[[ GIVEN DATA open ]]

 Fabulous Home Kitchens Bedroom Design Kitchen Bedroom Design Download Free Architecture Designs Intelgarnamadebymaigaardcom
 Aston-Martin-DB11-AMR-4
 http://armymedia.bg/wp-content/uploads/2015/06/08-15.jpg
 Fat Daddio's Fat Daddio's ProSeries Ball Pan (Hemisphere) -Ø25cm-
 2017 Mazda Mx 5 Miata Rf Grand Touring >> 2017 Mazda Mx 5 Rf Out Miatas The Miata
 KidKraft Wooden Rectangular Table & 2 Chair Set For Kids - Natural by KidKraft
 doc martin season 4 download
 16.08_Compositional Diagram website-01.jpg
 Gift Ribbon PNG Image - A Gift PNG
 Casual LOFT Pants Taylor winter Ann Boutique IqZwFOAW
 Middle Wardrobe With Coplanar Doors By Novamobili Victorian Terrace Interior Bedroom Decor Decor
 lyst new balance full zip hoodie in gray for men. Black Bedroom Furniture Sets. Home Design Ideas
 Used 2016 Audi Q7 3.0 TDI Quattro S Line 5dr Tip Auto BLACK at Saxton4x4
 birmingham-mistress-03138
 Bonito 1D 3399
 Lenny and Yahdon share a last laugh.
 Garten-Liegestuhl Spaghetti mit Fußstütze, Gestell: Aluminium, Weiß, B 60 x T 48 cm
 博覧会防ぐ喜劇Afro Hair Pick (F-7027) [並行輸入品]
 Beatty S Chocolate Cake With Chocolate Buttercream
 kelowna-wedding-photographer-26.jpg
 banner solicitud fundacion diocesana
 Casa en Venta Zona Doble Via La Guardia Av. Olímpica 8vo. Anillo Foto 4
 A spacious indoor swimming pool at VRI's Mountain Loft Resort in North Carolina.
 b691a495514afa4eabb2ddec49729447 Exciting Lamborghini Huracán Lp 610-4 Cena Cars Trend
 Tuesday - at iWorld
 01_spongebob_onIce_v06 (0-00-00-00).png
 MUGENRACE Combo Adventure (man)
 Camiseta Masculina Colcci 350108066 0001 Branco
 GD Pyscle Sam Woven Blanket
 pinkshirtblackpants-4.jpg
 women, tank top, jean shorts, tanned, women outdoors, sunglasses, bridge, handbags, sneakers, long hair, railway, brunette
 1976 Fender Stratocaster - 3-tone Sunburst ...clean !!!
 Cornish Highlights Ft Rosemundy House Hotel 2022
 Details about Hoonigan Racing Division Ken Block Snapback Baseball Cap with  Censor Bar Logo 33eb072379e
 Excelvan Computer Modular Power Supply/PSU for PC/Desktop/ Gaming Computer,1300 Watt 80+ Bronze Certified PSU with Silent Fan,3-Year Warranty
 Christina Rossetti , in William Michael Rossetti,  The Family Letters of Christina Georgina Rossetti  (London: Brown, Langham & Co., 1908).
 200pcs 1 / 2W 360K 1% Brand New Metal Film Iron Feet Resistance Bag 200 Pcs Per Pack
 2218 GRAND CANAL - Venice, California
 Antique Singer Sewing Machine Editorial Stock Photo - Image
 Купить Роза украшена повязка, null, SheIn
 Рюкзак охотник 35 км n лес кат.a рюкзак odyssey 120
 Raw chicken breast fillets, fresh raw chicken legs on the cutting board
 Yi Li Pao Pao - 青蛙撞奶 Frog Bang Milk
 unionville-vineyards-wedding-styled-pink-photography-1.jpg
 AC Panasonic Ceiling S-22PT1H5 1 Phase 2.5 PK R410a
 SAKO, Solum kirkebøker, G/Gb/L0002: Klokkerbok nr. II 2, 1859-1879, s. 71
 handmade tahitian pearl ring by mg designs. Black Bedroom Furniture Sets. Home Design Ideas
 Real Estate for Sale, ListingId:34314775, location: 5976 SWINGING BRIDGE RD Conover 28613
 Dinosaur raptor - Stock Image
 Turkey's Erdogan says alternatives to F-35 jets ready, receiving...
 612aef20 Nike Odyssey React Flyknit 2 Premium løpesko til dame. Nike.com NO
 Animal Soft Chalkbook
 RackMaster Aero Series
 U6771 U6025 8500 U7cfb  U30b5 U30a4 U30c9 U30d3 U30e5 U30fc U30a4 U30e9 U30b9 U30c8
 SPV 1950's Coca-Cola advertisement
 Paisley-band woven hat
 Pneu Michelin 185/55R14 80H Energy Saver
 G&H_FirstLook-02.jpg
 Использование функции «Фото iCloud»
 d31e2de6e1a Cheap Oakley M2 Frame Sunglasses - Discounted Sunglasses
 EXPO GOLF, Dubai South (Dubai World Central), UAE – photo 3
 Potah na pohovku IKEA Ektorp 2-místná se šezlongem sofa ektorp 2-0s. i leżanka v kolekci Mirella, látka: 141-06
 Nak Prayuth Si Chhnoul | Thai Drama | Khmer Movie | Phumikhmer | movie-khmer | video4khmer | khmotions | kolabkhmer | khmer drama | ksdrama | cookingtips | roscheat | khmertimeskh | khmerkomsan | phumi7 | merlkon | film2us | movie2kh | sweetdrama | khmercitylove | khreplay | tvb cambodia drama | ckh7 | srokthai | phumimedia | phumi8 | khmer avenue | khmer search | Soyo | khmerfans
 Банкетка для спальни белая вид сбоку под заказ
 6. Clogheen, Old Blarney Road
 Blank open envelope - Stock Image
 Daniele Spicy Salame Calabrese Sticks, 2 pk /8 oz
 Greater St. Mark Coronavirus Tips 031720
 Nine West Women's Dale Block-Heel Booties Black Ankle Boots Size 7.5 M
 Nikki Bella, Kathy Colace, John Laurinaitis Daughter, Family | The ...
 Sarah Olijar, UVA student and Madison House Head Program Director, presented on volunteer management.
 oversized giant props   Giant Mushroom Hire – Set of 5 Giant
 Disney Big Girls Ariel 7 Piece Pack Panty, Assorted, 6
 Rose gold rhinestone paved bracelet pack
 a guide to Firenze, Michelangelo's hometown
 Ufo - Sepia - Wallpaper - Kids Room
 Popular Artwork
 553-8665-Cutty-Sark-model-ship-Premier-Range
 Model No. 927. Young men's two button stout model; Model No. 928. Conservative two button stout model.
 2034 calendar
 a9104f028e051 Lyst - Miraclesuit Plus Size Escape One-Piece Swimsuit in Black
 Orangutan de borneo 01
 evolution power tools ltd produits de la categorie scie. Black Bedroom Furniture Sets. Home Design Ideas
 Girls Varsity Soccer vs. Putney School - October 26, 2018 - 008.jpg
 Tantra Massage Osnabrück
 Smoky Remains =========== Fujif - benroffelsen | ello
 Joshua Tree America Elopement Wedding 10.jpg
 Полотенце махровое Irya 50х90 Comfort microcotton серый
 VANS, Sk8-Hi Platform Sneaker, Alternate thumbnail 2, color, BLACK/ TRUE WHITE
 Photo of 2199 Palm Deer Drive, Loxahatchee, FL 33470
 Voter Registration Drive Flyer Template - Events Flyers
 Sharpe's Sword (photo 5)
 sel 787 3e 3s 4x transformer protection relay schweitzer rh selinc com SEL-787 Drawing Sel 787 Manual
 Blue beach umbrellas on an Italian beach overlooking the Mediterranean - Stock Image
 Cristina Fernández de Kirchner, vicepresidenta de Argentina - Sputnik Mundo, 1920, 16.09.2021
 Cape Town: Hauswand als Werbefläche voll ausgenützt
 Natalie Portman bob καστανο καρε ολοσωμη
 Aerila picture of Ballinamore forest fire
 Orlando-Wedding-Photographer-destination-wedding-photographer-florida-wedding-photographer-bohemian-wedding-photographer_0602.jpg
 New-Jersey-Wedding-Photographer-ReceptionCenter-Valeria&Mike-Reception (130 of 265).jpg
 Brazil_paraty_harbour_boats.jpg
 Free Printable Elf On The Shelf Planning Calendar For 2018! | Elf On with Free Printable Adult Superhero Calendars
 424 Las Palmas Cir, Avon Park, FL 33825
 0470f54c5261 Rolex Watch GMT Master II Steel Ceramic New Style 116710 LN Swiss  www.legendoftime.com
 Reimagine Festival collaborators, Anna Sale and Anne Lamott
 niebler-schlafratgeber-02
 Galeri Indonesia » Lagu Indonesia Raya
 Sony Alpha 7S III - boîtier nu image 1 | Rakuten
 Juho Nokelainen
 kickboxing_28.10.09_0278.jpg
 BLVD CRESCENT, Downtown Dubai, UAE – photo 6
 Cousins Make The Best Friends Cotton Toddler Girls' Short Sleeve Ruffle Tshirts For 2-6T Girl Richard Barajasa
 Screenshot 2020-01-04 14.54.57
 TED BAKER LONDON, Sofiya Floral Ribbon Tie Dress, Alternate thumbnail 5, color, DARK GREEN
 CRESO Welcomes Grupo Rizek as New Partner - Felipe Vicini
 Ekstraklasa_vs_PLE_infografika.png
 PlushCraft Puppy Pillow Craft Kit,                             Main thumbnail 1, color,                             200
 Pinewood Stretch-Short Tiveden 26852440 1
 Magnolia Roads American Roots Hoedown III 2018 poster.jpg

[[ GIVEN DATA closed ]]

### WHAT THIS TASK INVOLVES
Copy out every line of the data in which the word "Bedroom" is found.

### WRITTEN SOLUTION
 Fabulous Home Kitchens Bedroom Design Kitchen Bedroom Design Download Free Architecture Designs Intelgarnamadebymaigaardcom
 Middle Wardrobe With Coplanar Doors By Novamobili Victorian Terrace Interior Bedroom Decor Decor
 lyst new balance full zip hoodie in gray for men. Black Bedroom Furniture Sets. Home Design Ideas
 handmade tahitian pearl ring by mg designs. Black Bedroom Furniture Sets. Home Design Ideas
 evolution power tools ltd produits de la categorie scie. Black Bedroom Furniture Sets. Home Design Ideas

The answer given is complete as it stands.